Big Train Out Problems


A reported 8000 trips were made by train for the Big Day Out.  But it wasn’t a happy experience for everyone. Overall, it’s a healthy number out of a near sell-out crowd of 45.000.
This year the full network was in operation and there were some special services running directly to Penrose, the nearest station to Mt Smart.
But this site has had lsome complaints - but thankfully not as many as that U2 concert where the train operator initially claimed someone pulled an emergency lever but later admitted, after concertgoer complaints to AKT,  the real problem was that the service could not cope with capacity.
On Big Day Out day, the biggest complaint has been about communication failures. The old right hand doesn’t know what the left is doing that so often plagues such events.
In one reported incident, people were asked by a Train Manager to get off a train at Newmarket and told to wait for a southern line train that went specifically to Penrose.

But the train was in fact going to Penrose and so then carried on and arrived at Penrose empty!

Others who used trains on the day but who were not going to Mt Smart complained they did not know when they got on the train it was a special express to Penrose and they could not get off. Another communication fail.
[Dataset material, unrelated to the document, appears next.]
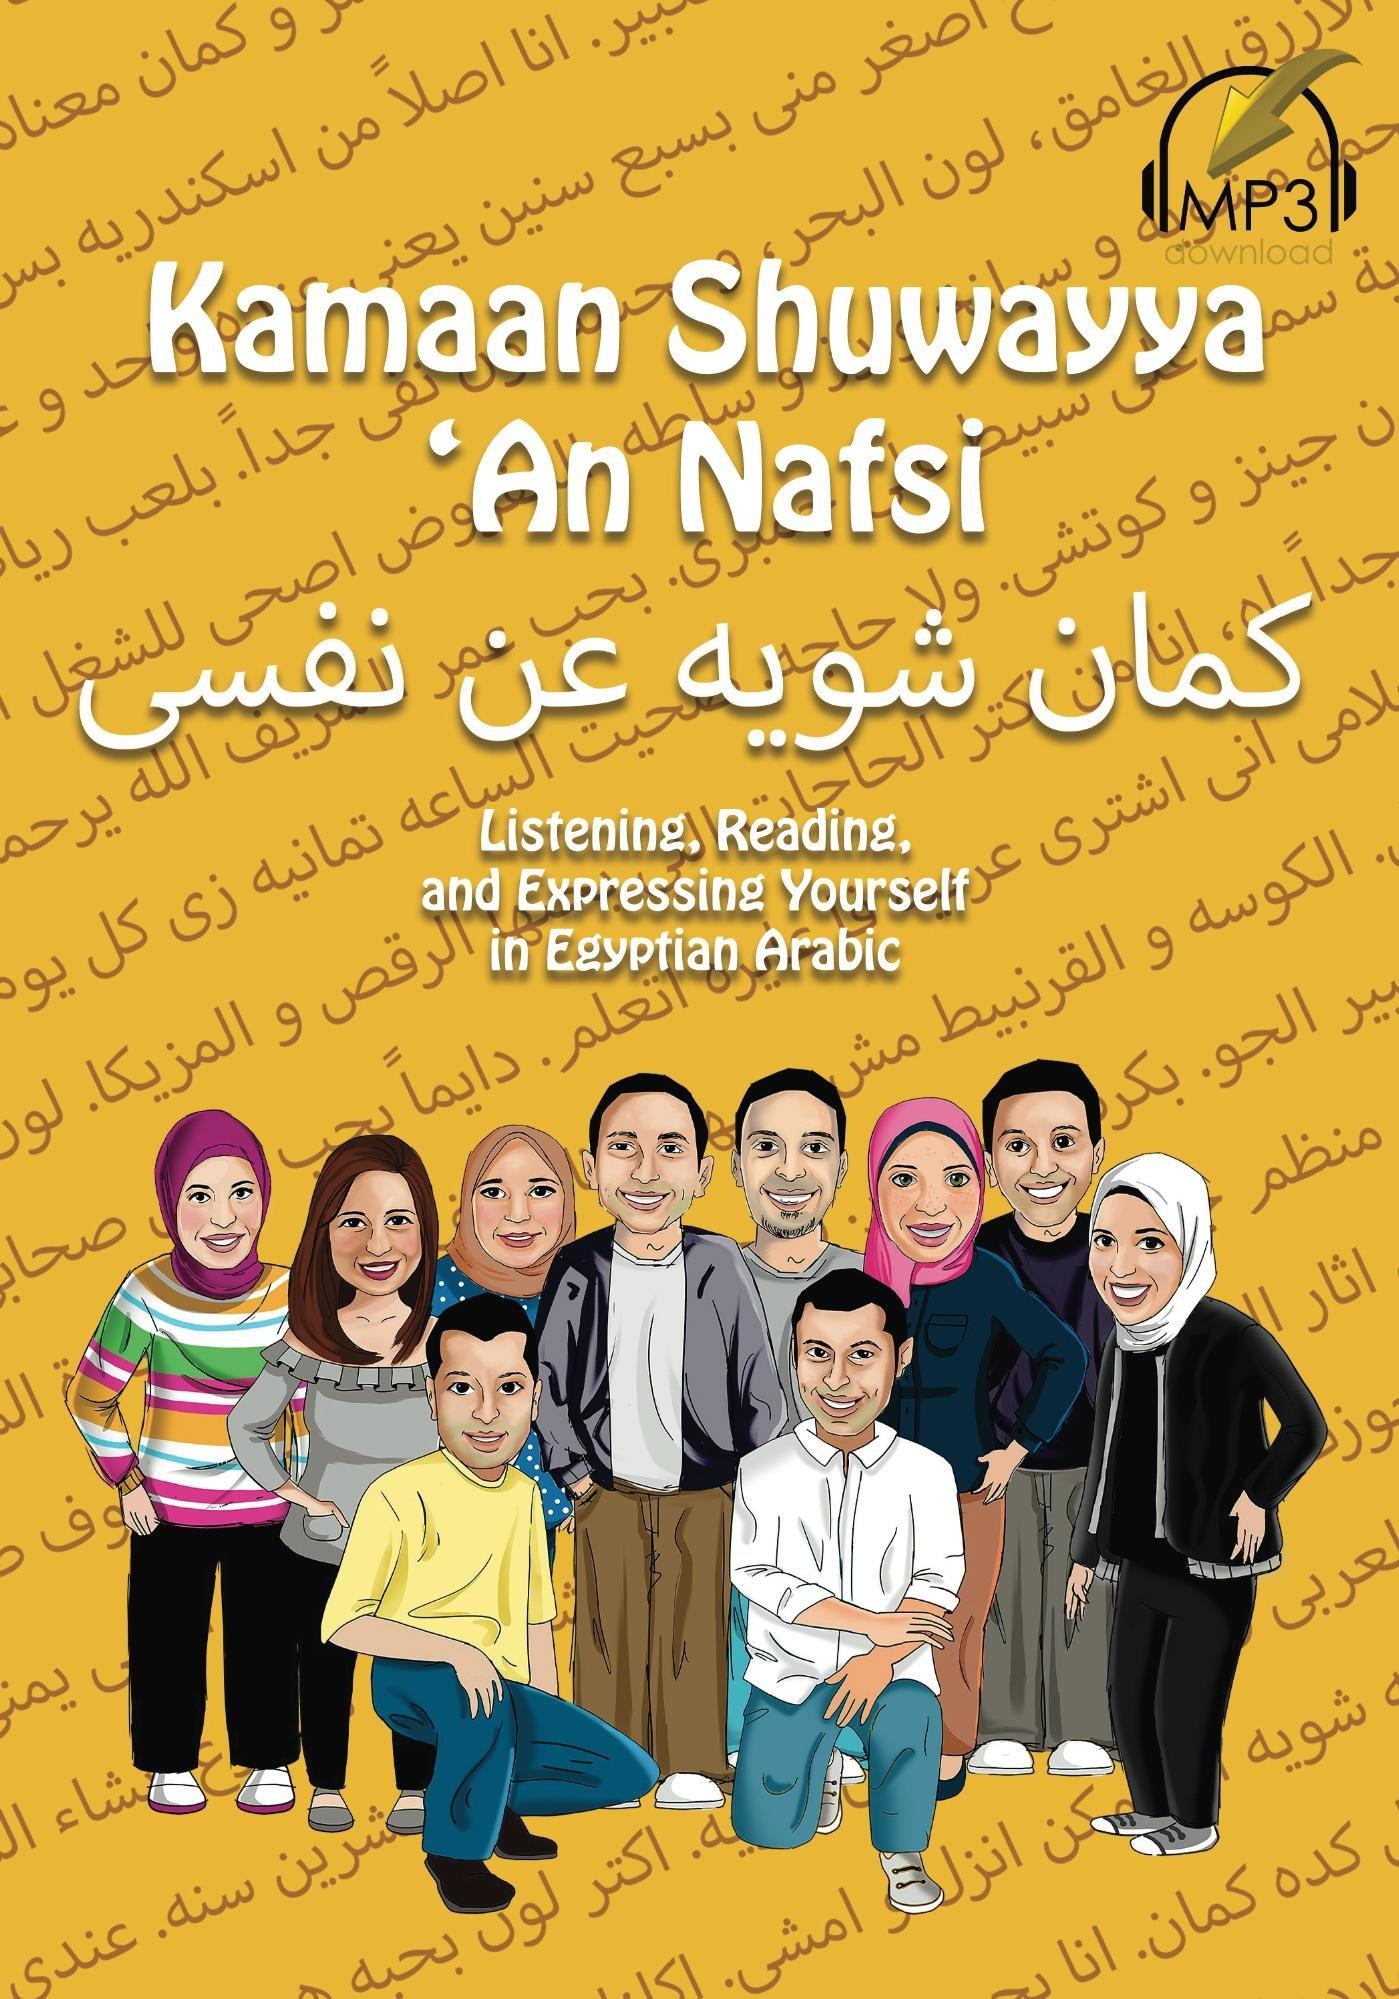 Kamaan Shuwayya 'An Nafsi  Listening Reading And Expressing Yourself In Egyptian Arabic  Shuwayya 'An Nafsi Series Book 2   English Edition

Another unconfirmed report said staffing was short on the day.

Will they get there?

As regulars know, communication failures continue to be the biggest complaint of Veolia’s service with patchy communication that is either over the top or totally non-existent along with announcements that are confusing or conflicting.

Lucy H has this story:

“We caught a train to Penrose in the morning and that all went fine except for the bizzarely ineffecient ticketing. Coming home we got on the train at about 10.15 pm (after a lengthy wait on platform). It was crowded but took us to Newmarket fairly speedily.

At that point the driver said “Travellers on the Western line get off here and transfer for your train to Waitakere.”

We got along with others and found ourselves looking at an electronic sign which said the next train to West Auckland was at 11.45 pm. That is, an HOUR after our train had just dropped us off.

There was one guy on the platform who we questioned but sadly he could hardly speak English and had no idea when the next train was coming or what we were asking.

One of the girls checked her phone and said “But it says here on the timetable that there will be trains every twenty minutes taking us home.” So we all waited with no train in sight.

It was cold and wet and people were miserable and really pissed off that they had been told to get off the train at Newmarket and wait for a service that wasn’t coming for an hour. Understandably since they might well have had more luck going into town and getting a late bus from Britomart out West.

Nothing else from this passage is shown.